Note: obviously you will need your own

/home/salvus/salvus/salvus/data/secrets/sagemath.com/nopassphrase.pem

with your own site for this to work for you... These costs money. You can also create a self-signed cert, but it will scare users.

Setup Rethinkdb password

From and admin or web node, in /home/salvus/salvus/salvus, run coffee and type

coffee> db=require('rethink').rethinkdb()
coffee> # this will cause an error as the old password will no longer be valid
coffee> db.set_random_password(cb: console.log)

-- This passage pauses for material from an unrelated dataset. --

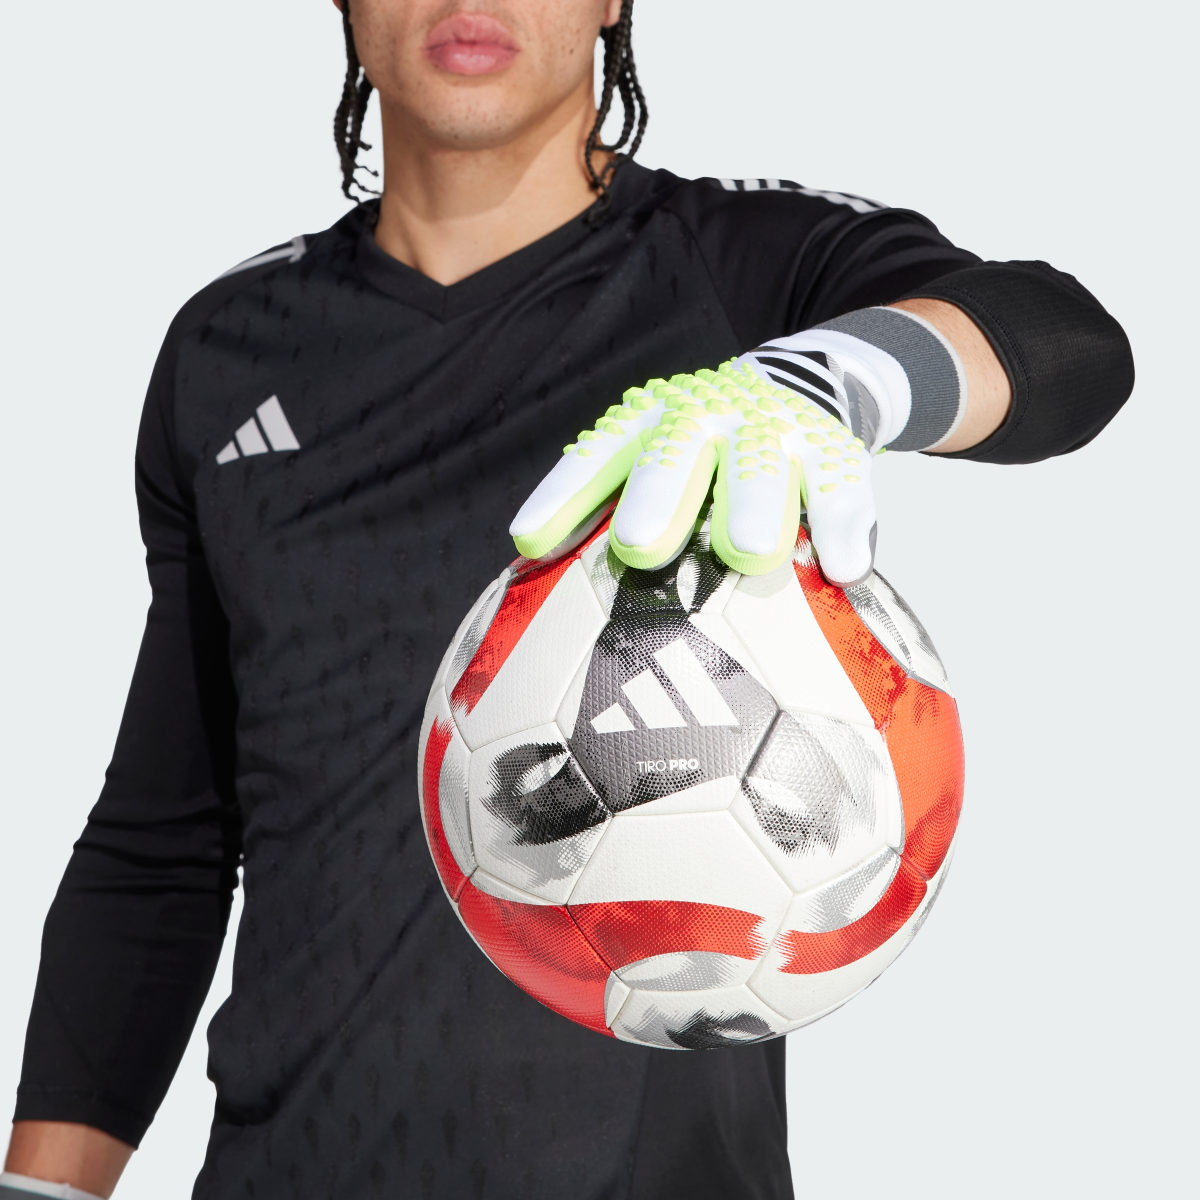 Adidas Predator Pro Goalkeeper Gloves. 4

Then copy the file /home/salvus/salvus/salvus/salvus/data/secrets/rethinkdb to each of the web nodes (careful about permissions), so they can access the database.

Setup Compute

Configure a clean minimal Ubuntu 15.04 install (web0, web1, ...) with an account salvus.

sudo su
mkdir -p /projects/conf /projects/sagemathcloud; chown salvus. /projects/conf
apt-get install libssl-dev m4 dpkg-dev cgroup-lite cgmanager-utils cgroup-bin libpam-cgroup quota quotatool smem
# edit /etc/fstab -- add the usrquota option to the / mount:
#    UUID=fcee768a-8d63-4a26-aabd-ae79af101874 /               ext4    usrquota,errors=remount-ro 0       1
mount -o remount /&& quotacheck -cum / && quotaon /       # this will take minutes

To run the compute daemon as follows:

git clone https://github.com/sagemathinc/smc.git salvus
cd ~/salvus/salvus; npm install
./scripts/update

This is ugly:

crontab -e

@reboot /home/salvus/salvus/salvus/compute start > /home/salvus/.compute.log 2>/home/salvus/.compute.err
*/3 * * * * /home/salvus/salvus/salvus/compute start > /home/salvus/.compute.log 2>/home/salvus/.compute.err

Jupyter Kernels

Sage

Just install Sage however you want so it is available system-wide.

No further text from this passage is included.